明治憲法の欠陥と軍部の独走――軍を批判しなかった戦前の大新聞
昭和天皇は平和主義と国際協調を重んじながら、立憲君主として内閣の決定に従い、例外的な局面を除いて積極的な政治介入を控えた。
一方、明治憲法の欠陥によって軍部と政府の意思統一は失われ、陸軍の同意なしには組閣すら困難となった。

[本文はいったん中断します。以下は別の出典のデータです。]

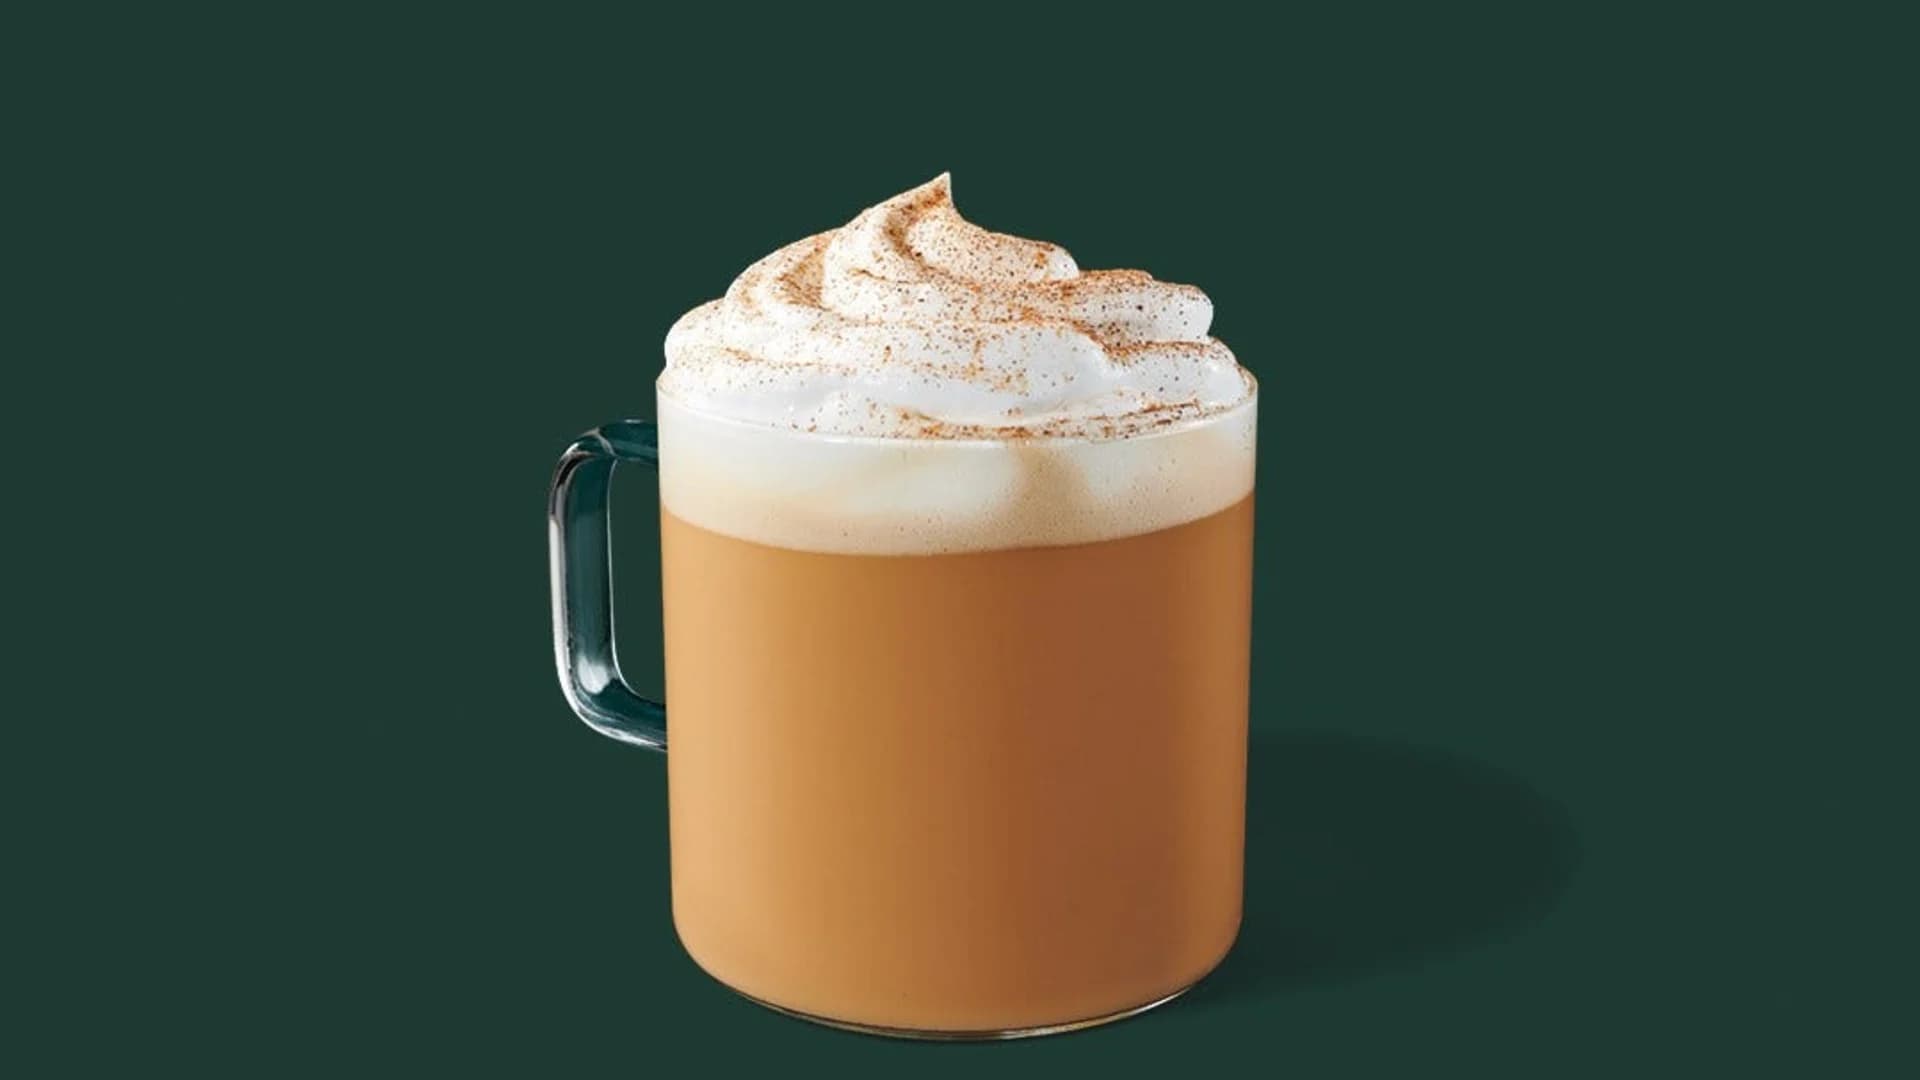 PSL is back and Starbucks wants you to FALL for its new pumpkin drink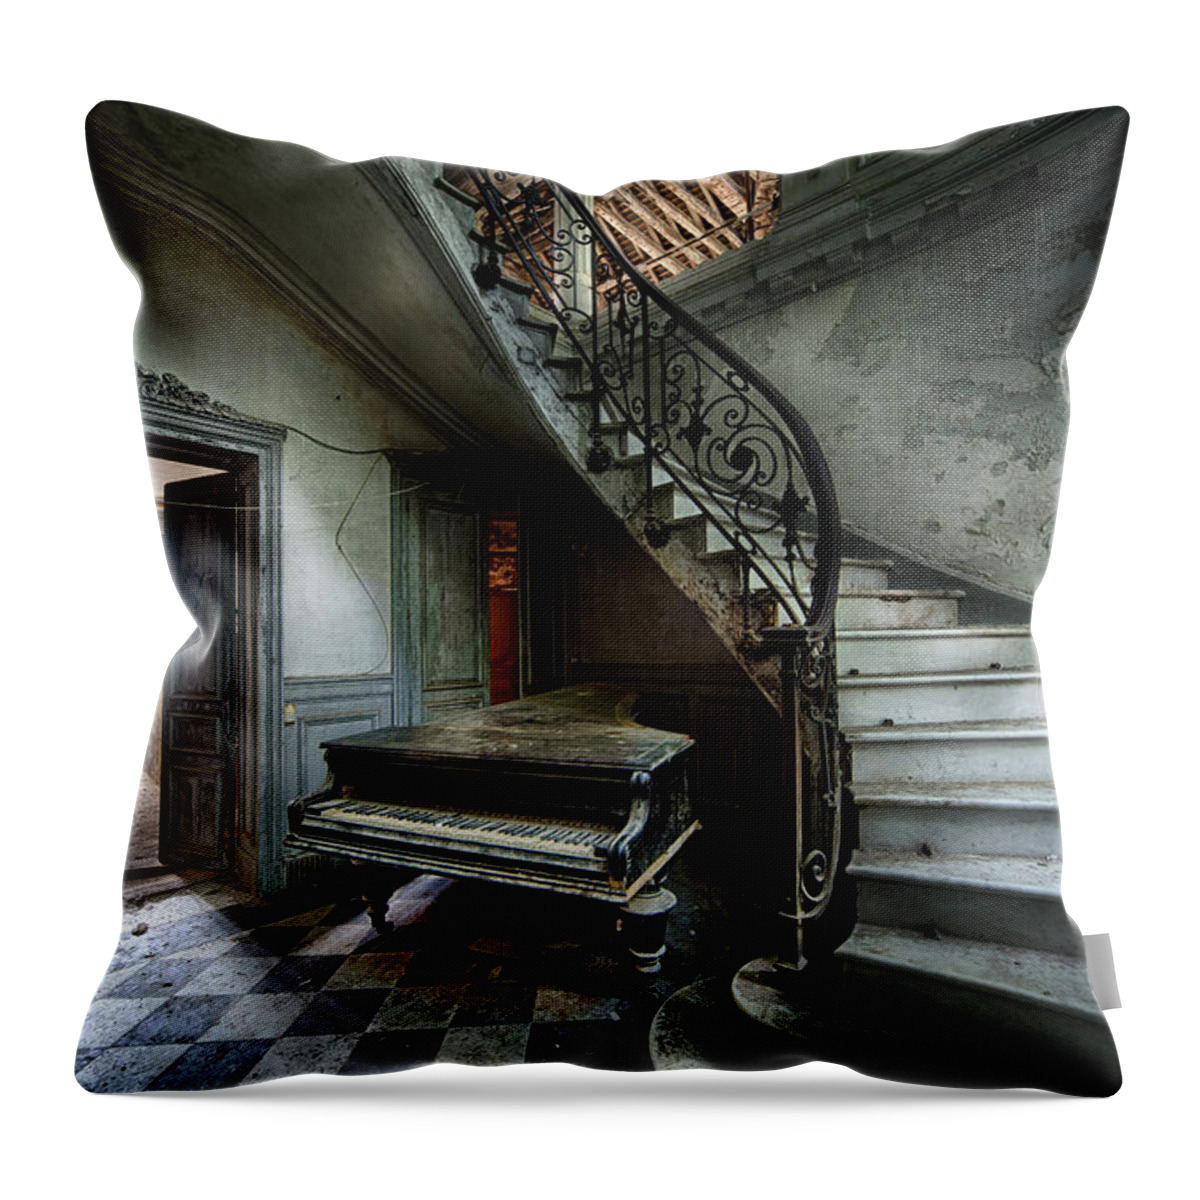 Abandoned Throw Pillow featuring the photograph The sound of decay - abandoned piano by Dirk Ercken

平川祐弘氏の論文から、軍部の独走、二・二六事件、昭和天皇の立場、そして政府や官僚を批判しながら軍には沈黙した戦前の大新聞の姿勢を紹介する。
2020-06-22
ところが、大新聞の社説は、政府や国会や官僚に対して苦情を発することはあっても、軍に対する不満を公然と述べることはなかった。
以下は前章の続きである。
明治憲法の欠陥
あの戦争と昭和天皇との関係についても触れたい。
1932年の五・一五事件。
1936年の二・二六事件。
あの頃から、日本は内部的に不穏だった。
重臣を殺害した若手将校に対し、大新聞は、政治面では非難しながら、社会面では昭和維新の志士として褒め上げた。
もちろん、世間には少壮将校の暴挙を怒る声もあった。
昭和天皇は、平和主義で国際協調を優先したから、田中義一内閣以来の出先軍部の陰謀や暴走に懸念を抱き、注意はした。
それでも、憲法に忠実に従う立憲君主であったから、内閣の決定に従った。
天皇は、内閣の機能が不全に陥った二・二六事件のような場合や、最高戦争指導会議の意見が二つに分かれた終戦決定のような場合でない限り、積極的なイニシアティブは取らなかった。
というより、取るべきではないと考えたのである。
ただし、「朕の股肱」である重臣が殺害された場合、反乱軍の行動を容赦するようなことはなかった。
そうした陛下の姿勢は、二・二六事件の頃から、国民にも知られるようになった。
大人の間では、軍部の横暴という声が囁かれた。
それというのも、昭和10年代になるや、日本は、陸軍が承知しなければ、内閣の組閣すらできなくなっていたからである。
これは軍部が悪いのだが、元をたどれば明治憲法に欠陥があり、日本の中に「まるで二つの国――陸軍という国と、それ以外の国とがあるようなこと」註9になってしまったからである。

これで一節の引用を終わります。